Se dice que Gustave Flaubert lloraba y hasta vomitaba en algunos pasajes de su propia Emma Bovary. Escritores así se incendiaban de pasión. Otros, como Julio Verne, se apasionaban por la aventura, iban a la luna, viajaban por el fondo del mar o cruzaban la estepa a caballo. Pero no son dos estilos únicos, pasión o aventura: no puede compararse Cumbres borrascosas con Anna Karenina y, sin embargo, ambas se ahogan en la desolación. No puede compararse Pedro Páramo con la sequedad de Bernarda Alba y las dos se deshacen en lo estéril… Hay amor, aventura, odio, hay John Le Carré y hay Ian McEwan, muchas veces todo mezclado. Así ha sido mi aprendizaje.
Contrariamente a lo que se piensa, escribir es cosa fácil. Esa leyenda de la angustia ante una hoja en blanco es falsa: uno se sienta y escribe. Lo complejo es diseñar la historia. Una vez que se tiene, escribirla es relativamente sencillo. Entiendo mal a quienes esperan sentados a que les llegue la inspiración. La inspiración nunca le pilla a uno sentado. Entonces es cuestión de saber cómo se empieza y cómo se acaba.

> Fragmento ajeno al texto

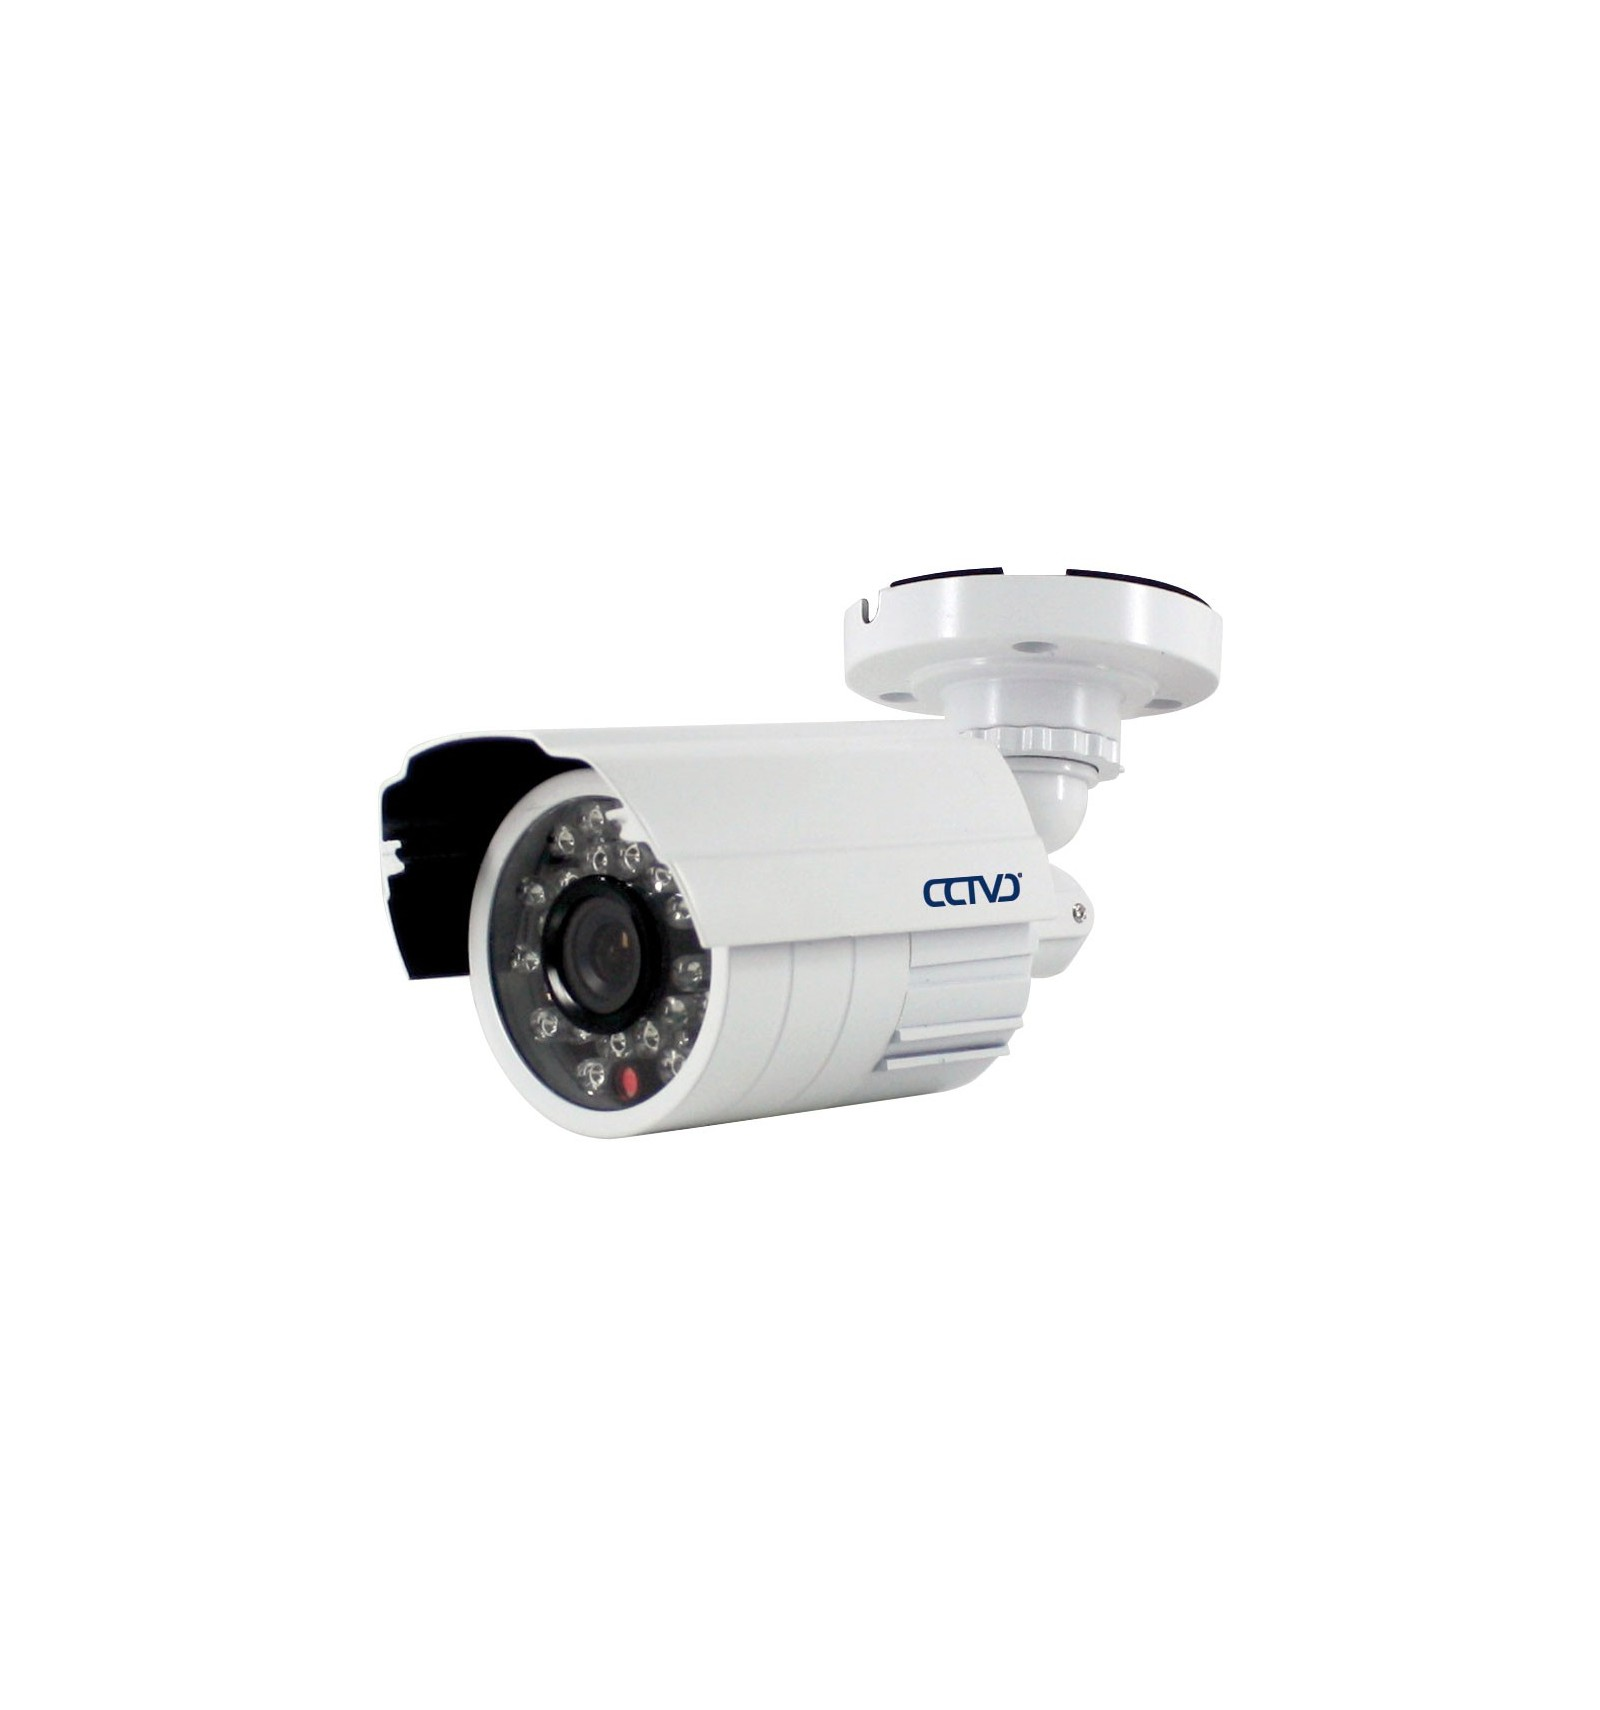 Camaras de vigilancia exterior gama economica - Camaras vigilancia exterior ...

En mi caso, una novela se me ocurre cuando me la provoca una anécdota, aunque sea mínima. Una persona se sienta en un banco jadeando. Entonces interviene el “¿y si…?” ¿Y si lo hubieran envenenado? ¿Y si ama sin remedio y lo traicionaron? ¿Y si jadea a causa de un infarto? ¿Venía huyendo de perseguidores? ¿Y si guarda un secreto que puede acabar con todo un país? A lo largo de muchos días, meses a veces, voy explorando las avenidas que están abiertas y busco el camino que instintivamente quiero seguir: el de la angustia, el sufrimiento, el miedo o el amor. No tomo notas, solo dejo que la novela me vaya avasallando, tome posesión de mí y no me deje ya hasta que me siente frente al ordenador. Así fue, literalmente, como ideé y escribí dos de mis novelas más complejas, La reina de Serbia y Viví años de tormenta. Complejas, no por complicarle la vida a los lectores sino por embarullarme la mía.
Confieso que no pienso en los lectores. Solo pienso en que el relato tenga consistencia, ritmo, casi cadencia poética. Quisiera emocionarme con la escritura, pero me ocurre raras veces. En esas ocasiones me siento en plenitud.

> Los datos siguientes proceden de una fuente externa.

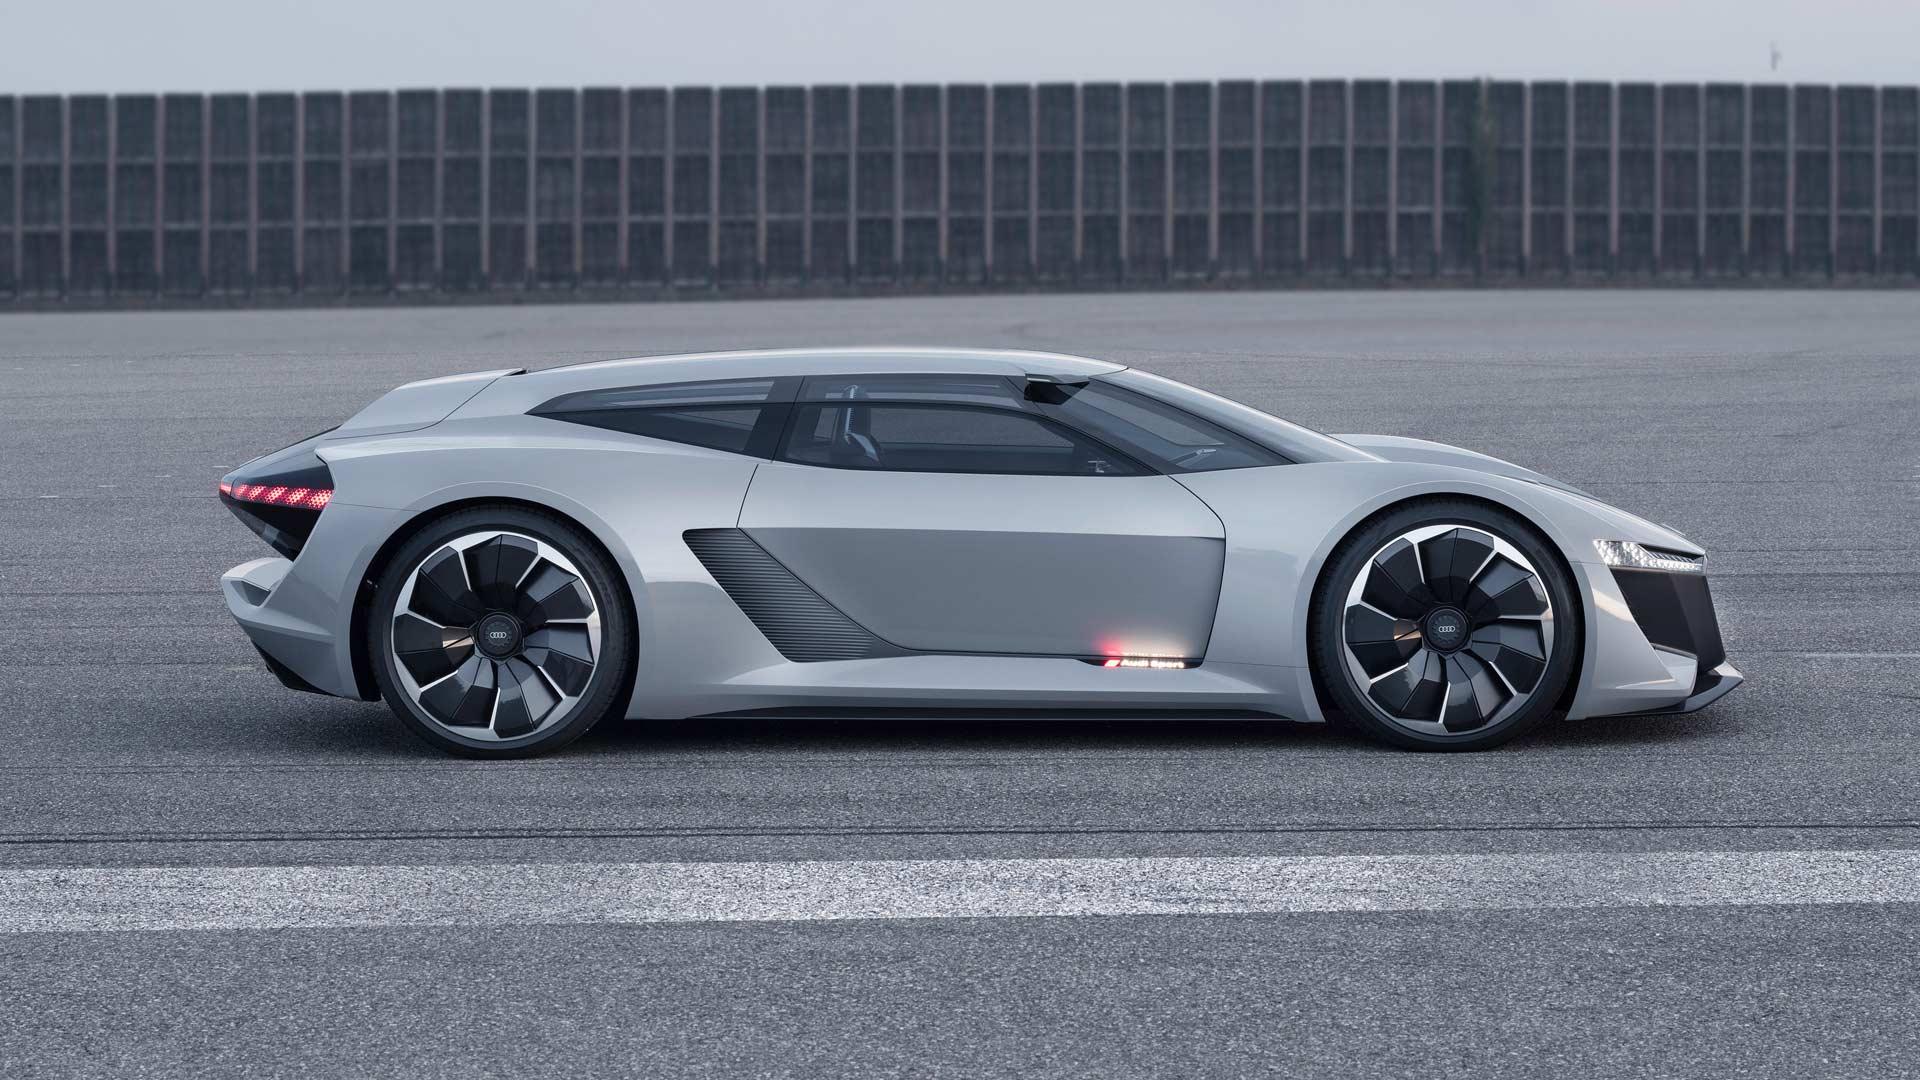 Audi-PB18-e-tron-concept_4

Mis personajes (lo más importante de mis relatos) no son caracteres de una pieza inamovible. No. Van construyéndose a medida que avanza la novela y a veces hasta me sorprenden sus reacciones. Tampoco es la primera vez que, en medio de un relato, nace un nuevo personaje, qué sé yo, porque se necesita que alguien haga una tortilla o ponga un vendaje en la cabeza del protagonista. Y de pronto se consolida y permanece en la acción hasta el final. Así me ocurrió con una monjita en plena batalla de la Cochinchina en El cuenco de laca.

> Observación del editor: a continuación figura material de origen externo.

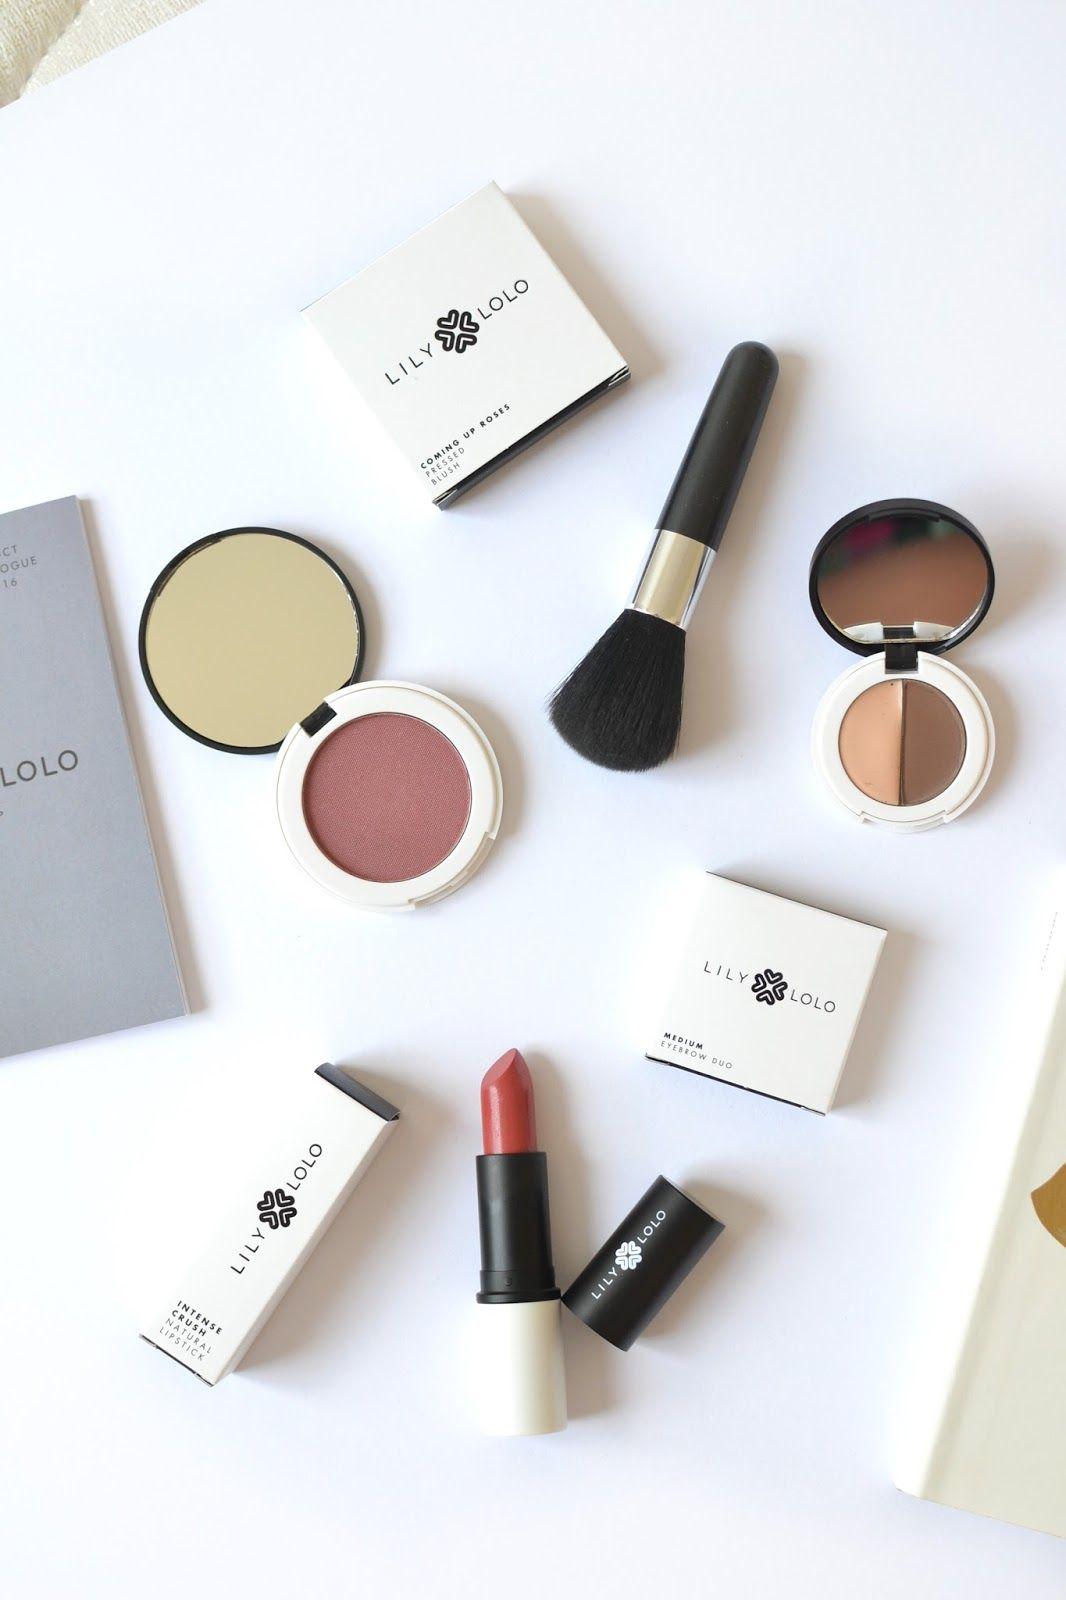 British Beauty Brand | Lily Lolo - Temporary:Secretary Lifestyle Blog

A nadie debe sorprender que en los pasados 45 años haya vivido inmerso en mis lucubraciones, como uno más de los pobladores de mis novelas, pero con una ventaja sobre todos ellos: con ellos estuve en todos los escenarios, en Serbia, sí, y en México y en Siberia, en el Congo y en Grecia, en El Cairo y en el Golfo Pérsico. Ellos no, yo sí. Esa suerte he tenido.